The Industrial Revolution led to the creation of many large and mid-size companies in which people worked together to produce goods and/or deliver services. Having a good job meant working for one such company. These workers, many of them unionized, enjoyed relatively secure, stable jobs and a number of company benefits, including health care insurance, vacations and retirement pensions.
This corporate capitalism era, - characterized by hierarchically organized institutions, - reached its height in the US in the period following World War 2, when the country craved a sense of stability following the pain and chaos of the Great Depression and the war years. But those days are long gone. In the more recent past, these relatively slow moving organizations were not able to keep up with fast changing technologies and markets, nor could individuals assume that being loyal to a company would translate into a secure job with good benefits.

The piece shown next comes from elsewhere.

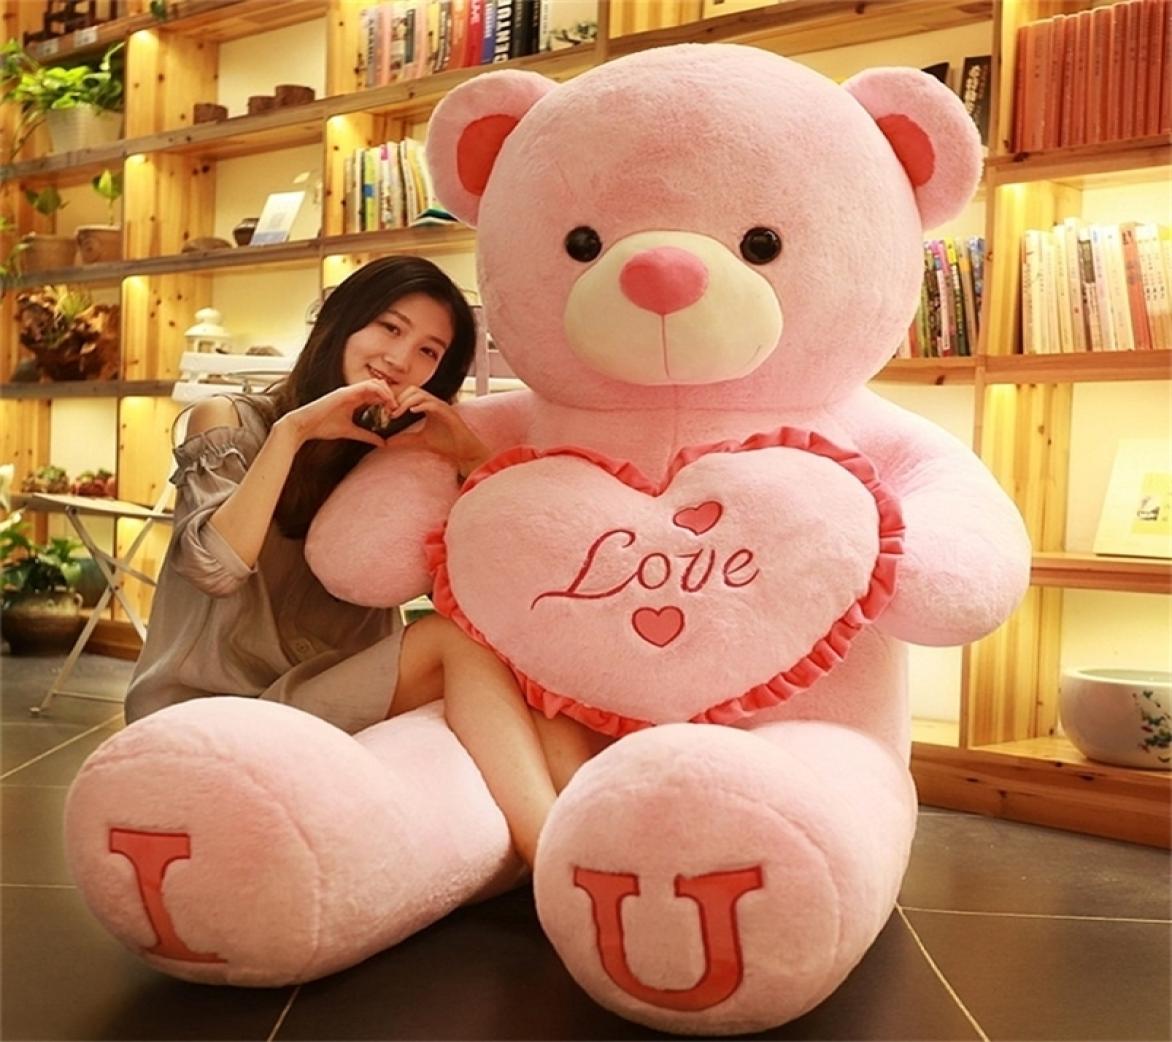 

80100Cm Plush Toy Creative Teddy Bear Giant Stuffed Animals Valentine Day Gift for Kids Pillow Grilfriend Girl Wife 2202179906002, Brown 50cm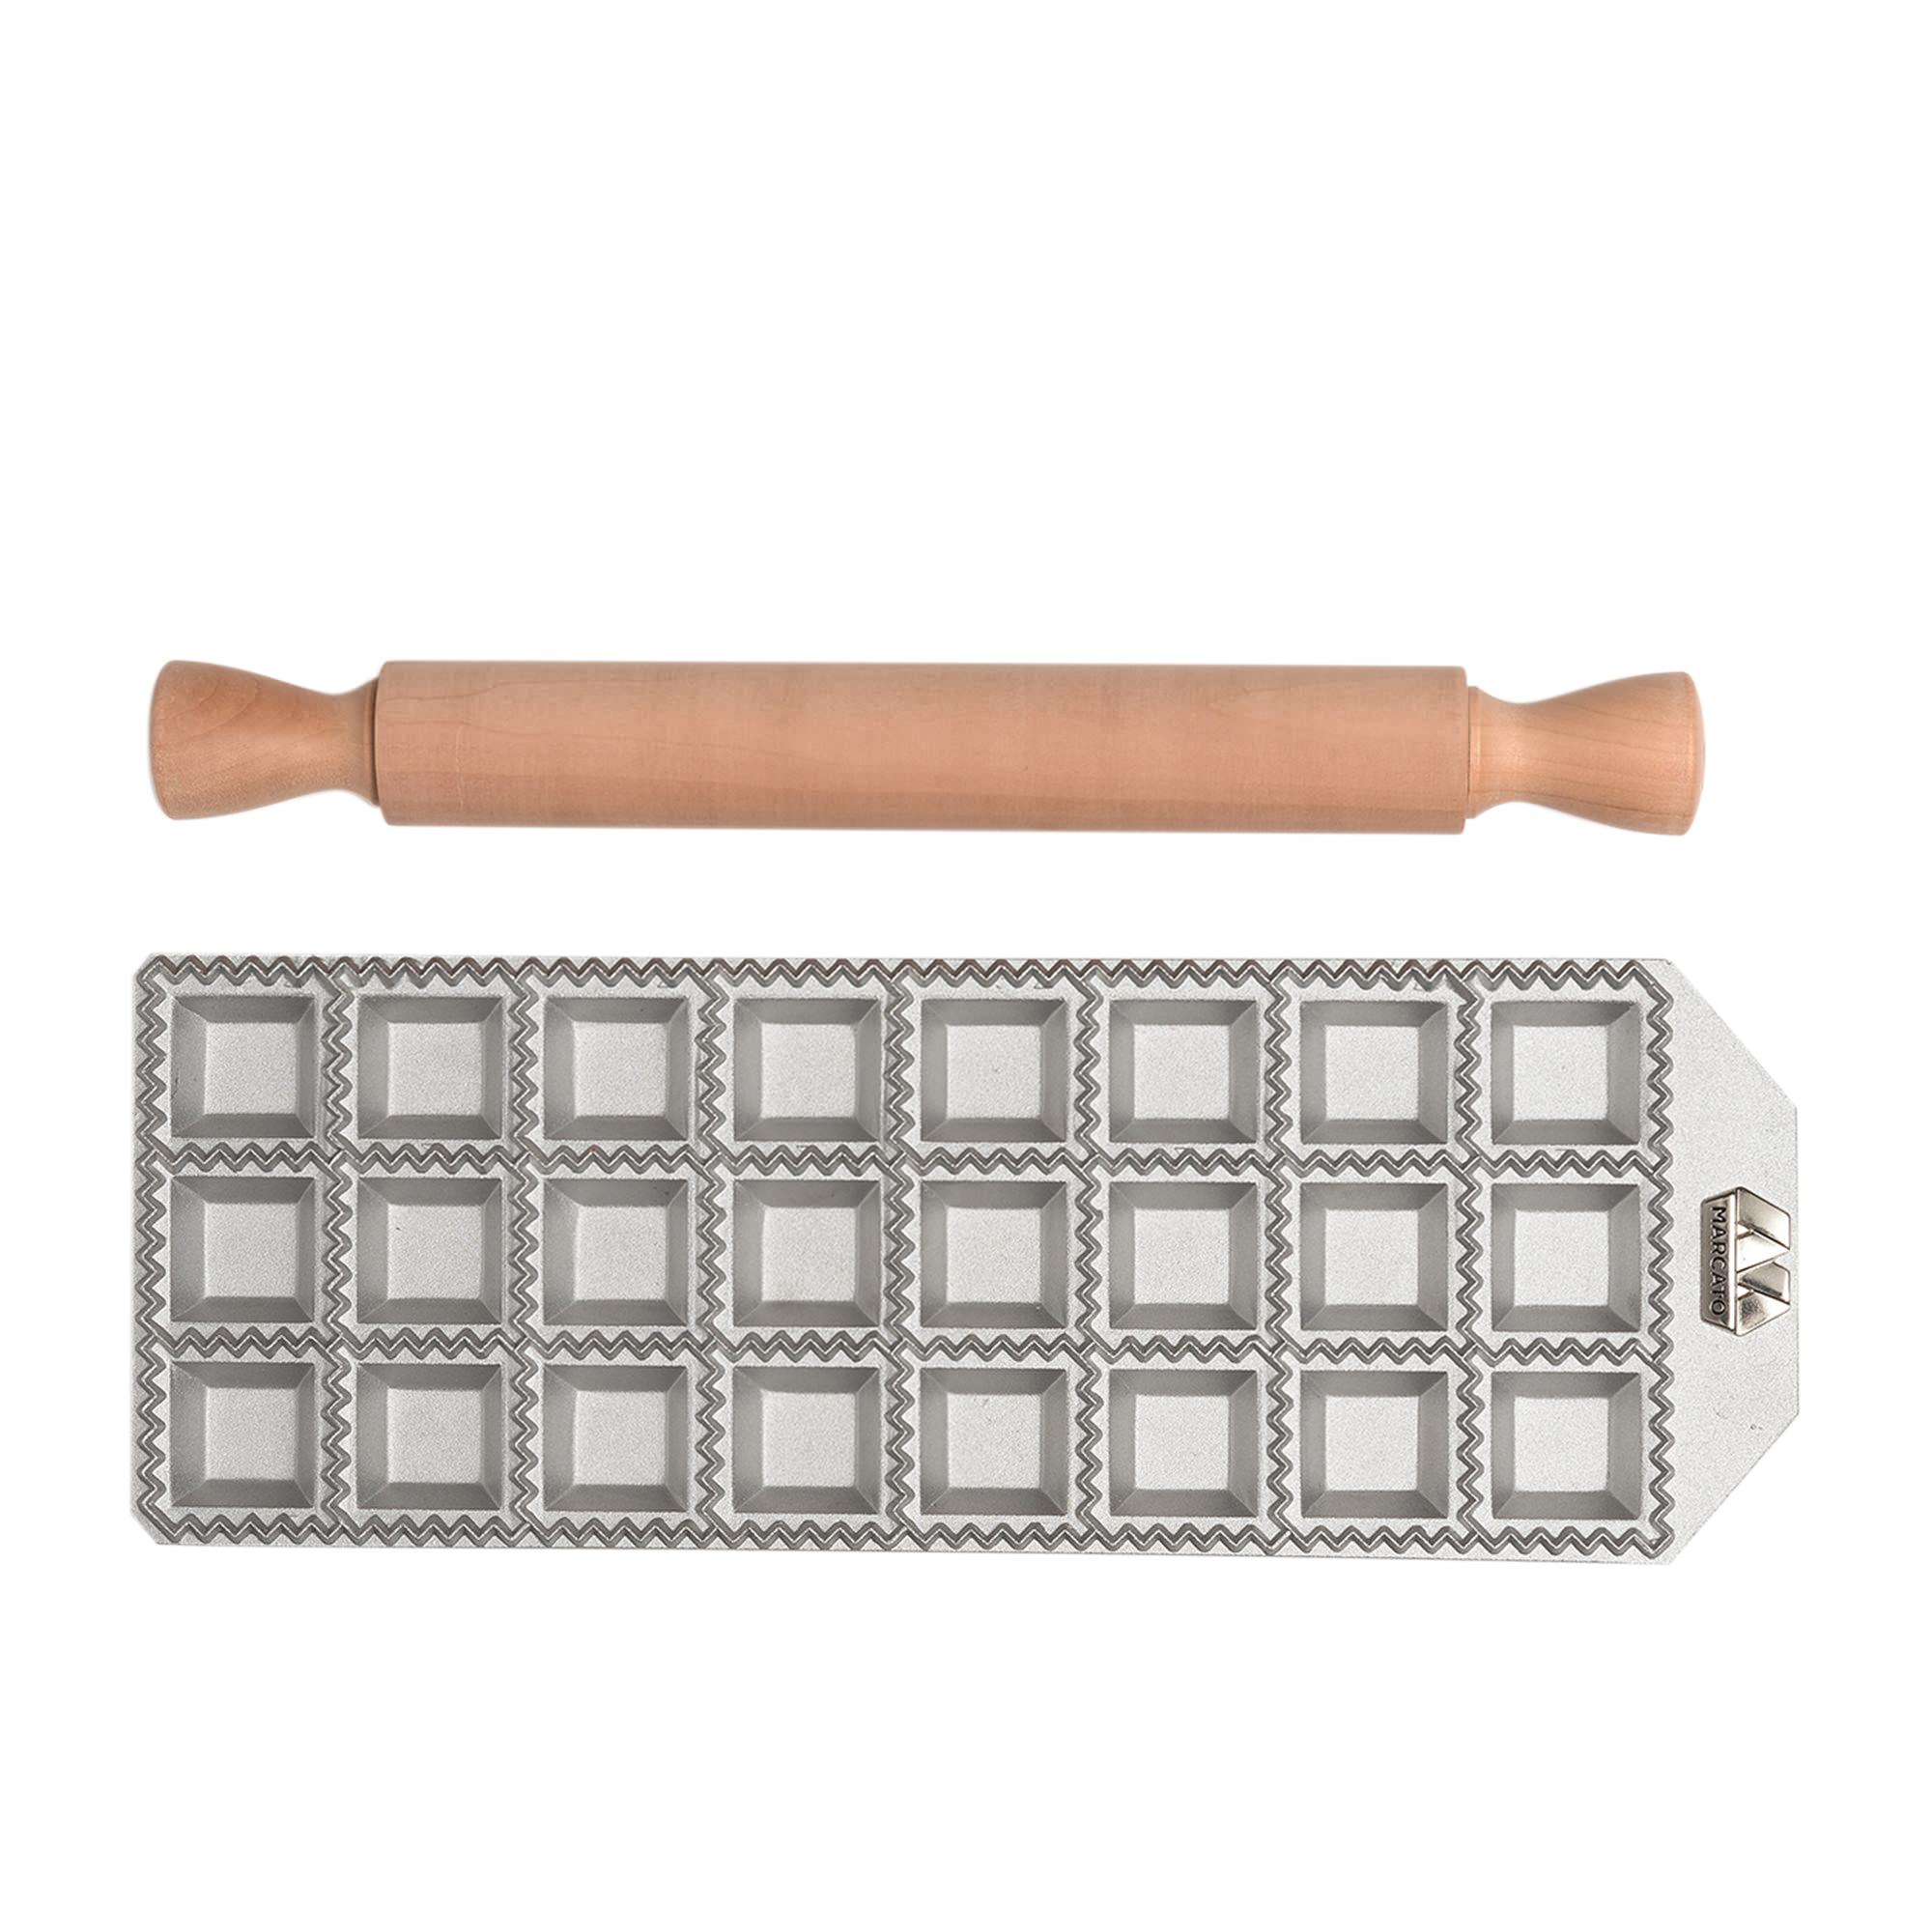 Marcato Raviolo Tray 24 Hole Square with Rolling Pin Image 5

In its stead, we are seeing the rise of what The Economist called the On-Demand Economy in a recent article. “Ever since the 1970s,… Manufacturing jobs have been automated out of existence or outsourced abroad, while big companies have abandoned lifetime employment. Some 53m American workers already work as freelances.”
Two powerful forces have been speeding this trend toward on-demand workers and pushing it into more parts of the economy. First is the availability of ubiquitous and inexpensive computing power, sophisticated applications, and cloud-based services of all kinds. “Complex tasks, such as programming a computer or writing a legal brief, can now be divided into their component parts - and subcontracted to specialists around the world.”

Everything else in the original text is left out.